WEC世界耐久選手権のハイパーカークラスに参戦するアルピーヌ・エルフ・チームのドライバー、ニコラ・ラピエールは、トヨタGAZOO Racingとのタイトルをかけた最終決戦となる2022年第6戦バーレーン8時間レースに向けて「戦う準備はできている」と語っている。
36号車アルピーヌA480・ギブソンをドライブするラピエールとアンドレ・ネグラオ、マシュー・バキシビエールの3人は、セバスチャン・ブエミ、ブレンドン・ハートレー、平川亮からなるトヨタ8号車と同ポイントで並び、11月12日に決勝が行われるシーズン最終戦へと臨む。
この対決には、WECがシーズンを通してバランスを図ってきた、2種類のレギュレーションのクルマが絡んでいる。
アルピーヌA480はLMP1規定のマシンであり、LMP1終了以降も2シーズンにわたって新規則の適用が特別に免除されてきた。一方、2021年にデビューしたトヨタGR010ハイブリッドは、新たなル・マン・ハイパーカー(LMH)規則に基づき作られている。
元トヨタドライバーでもあるラピエールは、バーレーン・インターナショナル・サーキットがよりパワフルだが重いLMHマシンに向いていることを考えると、最終決戦においてアルピーヌが有利だとは感じていないようだ。
だが、シグナテックがオペレートするアルピーヌは、過去3年のドライバーズタイトルを獲得しているトヨタを倒すために「準備万端である」とラピエール語った。
「僕たちにとっても、チャンピオンシップにとっても素晴らしいことだ。僕らは興奮しているよ」とラピエール。

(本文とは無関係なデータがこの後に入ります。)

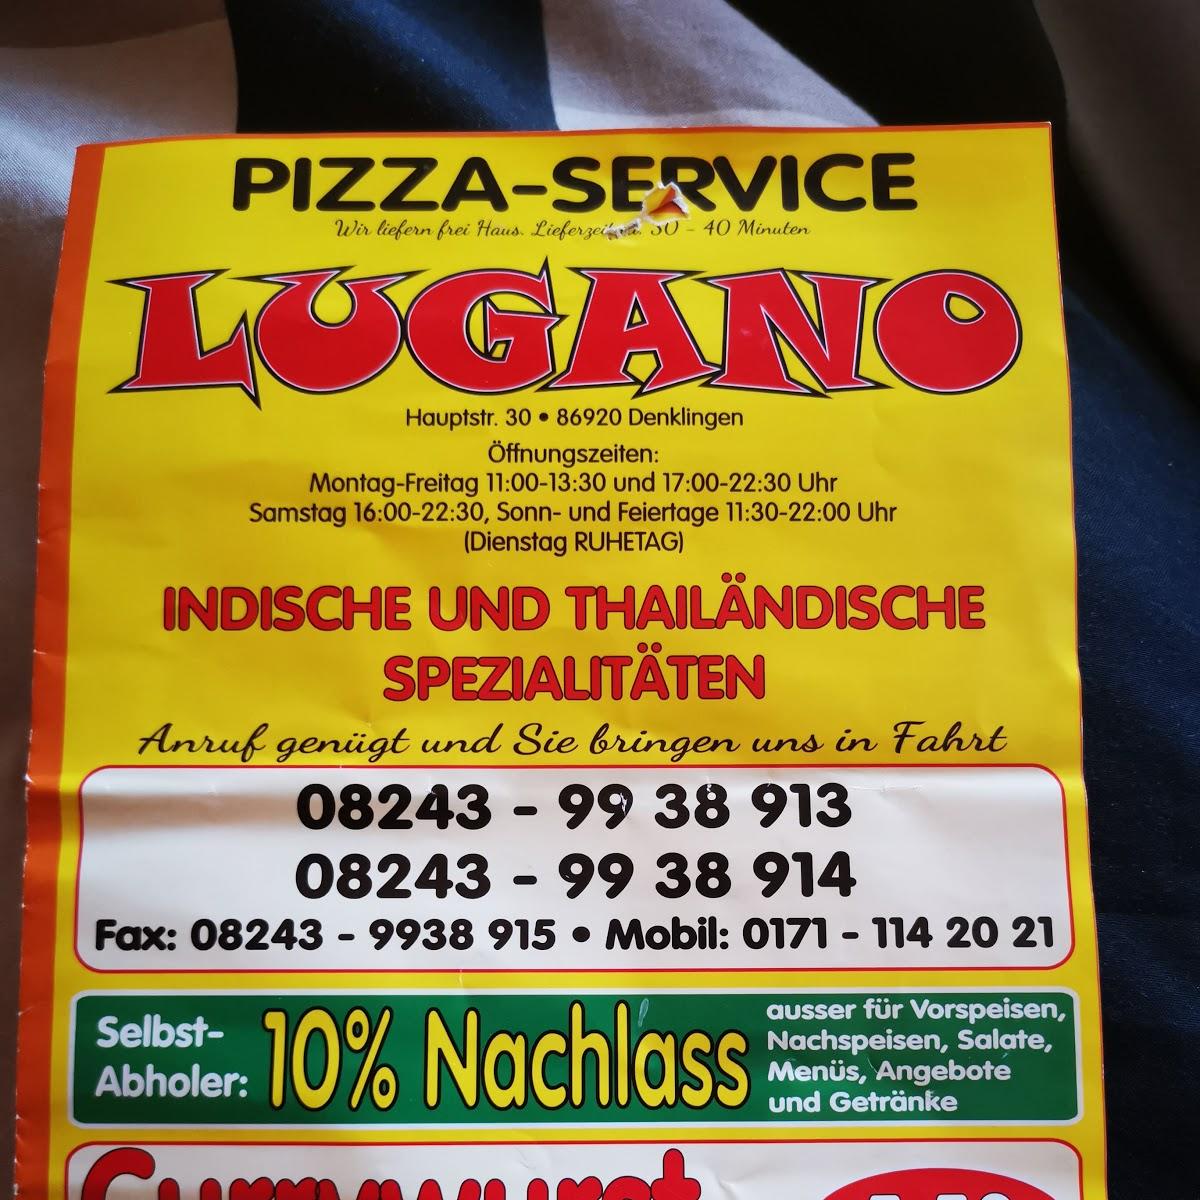 Restaurant "Pizza Service Lugano" in  Denklingen

「これは世界選手権だから、タイトルはとても特別なものになる。このために戦う準備はできているし、準備も万端だ」
「このコースは、僕らにとってはベストなコースではない。富士では、彼らより少し遅かった」
「でも、何が起こるかわからない。8時間のレースでは、どんなチャンスも逃さないように準備しなければならない。直線の速さを考えると、僕らにとってこのサーキットは好ましくない」
アルピーヌは前戦の富士で29kWのパワーダウンを受けた後、バーレーン大会のBoP(性能調整)では4kWのパワーアップを受けている。
A480にとってのデビューシーズンだった昨年は、ラピエールが「非常にフラストレーションのたまるシーズンだった」と語るように苦戦を強いられただけに、今季のタイトル獲得への期待は大きい。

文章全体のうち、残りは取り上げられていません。